# Best way to bring and use 110v products



## cdccooner (Jul 15, 2011)

Hello everyone, I should be packing soon for my move to Al Ain and was wondering if it is difficult using 110v products in a 220v system, I am sure there are transformers available but have heard a lot about power surges and electronics being rendered useless. I dont know if there are any products I shouldn't bring, ie. LED tv, microwave, etc. and am looking for advice (hopefully someone will say no hairdryers and my wife won't be able to bring her ear shattering, shrill, banshee screaming hairdryer)


----------



## Jynxgirl (Nov 27, 2009)

I have used transformers for the past year and a half. Had no issues. Dont buy the cheap chinese crap and pay for decent transformers. If you are shipping from the usa in containers, then suggest buying them thre and putting them in the container. For the tv, if you already own it then ?? but keep in mind that they use a different system and you will have to get something that switches it to the PAL (i think that is what it is) and that is not cheap to do (think like one hundred dollars or so).


----------



## sentron (Jul 21, 2011)

You need to buy an adapter (or more if you intend to bring your home appliances). I had no issues with my laptop.


----------



## rickzski (Aug 10, 2011)

Does the PAL tv format present any issues if we have a good transformer and converter?


----------



## rickzski (Aug 10, 2011)

Bump


----------



## cmajewsk (Aug 31, 2010)

rickzski said:


> Does the PAL tv format present any issues if we have a good transformer and converter?


FWIW, I could never get any of my TV's from the US to work over here.
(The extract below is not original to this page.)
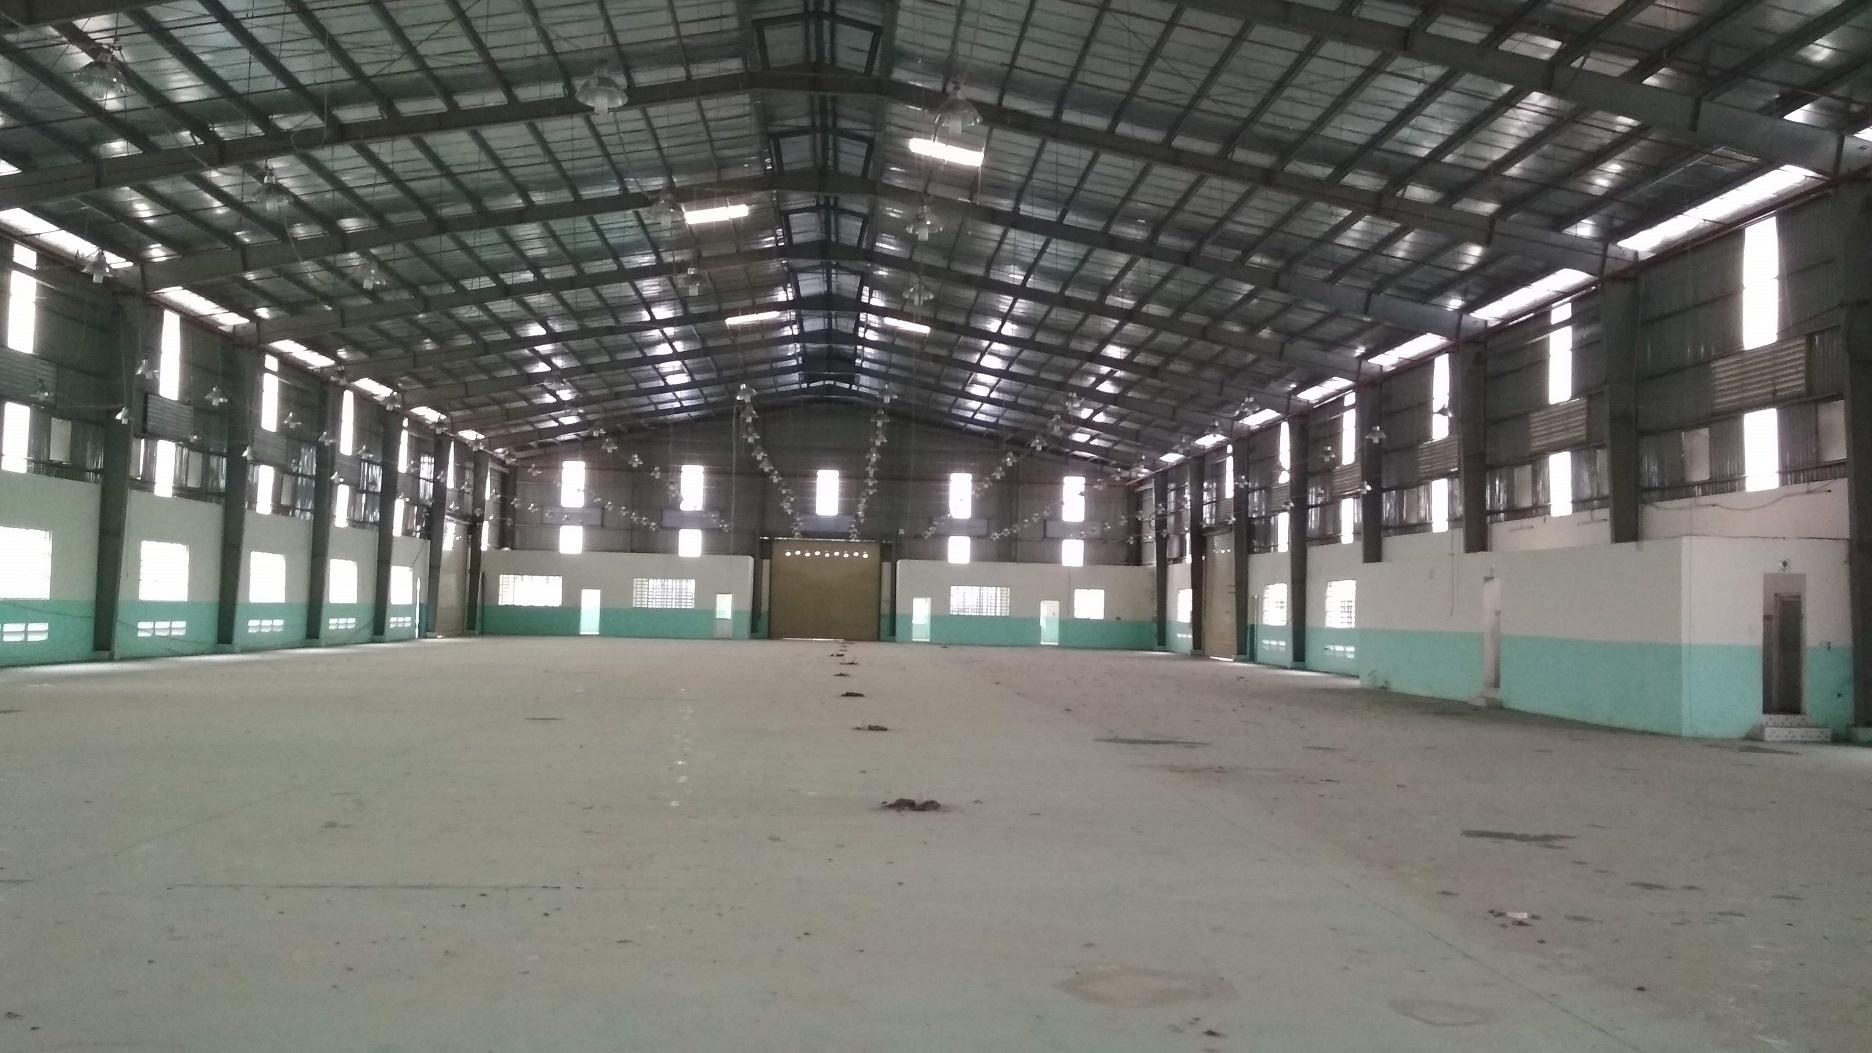 Cho thuê nhà xưởng 1200m2 KCN Tiên Sơn. Phù hợp sản xuất/ kho hàng. LH 0988 457 392

Now my TV's were about 8-10 years old, and were the box (CRT) type TV's. You could see the picture, but with a ton of flicker.


----------



## Midlifer (Jul 24, 2012)

Okay, I'm reviving this old one so here goes. I've been speaking with a school, who shall remain nameless, to start as an administrator. I'm not going/coming for money but the experience an perhaps adventure. So question is do I bring, or buy there? I have to leave in 10 days. 

1. Computer/laptop
2. TV, I have several here ranging from 32" to 55".
3. Gaming console? my kids love PS3 and figure it would be one way to connect. I know there's a 9 hour time difference. 
4. iPod, iPad, iPhone? Yes I have them all and don't think I could live without. 

I have arranged for a sling box (thanks Jinxgirl) for TV, figure I'll DVR football (NFL Season Ticket).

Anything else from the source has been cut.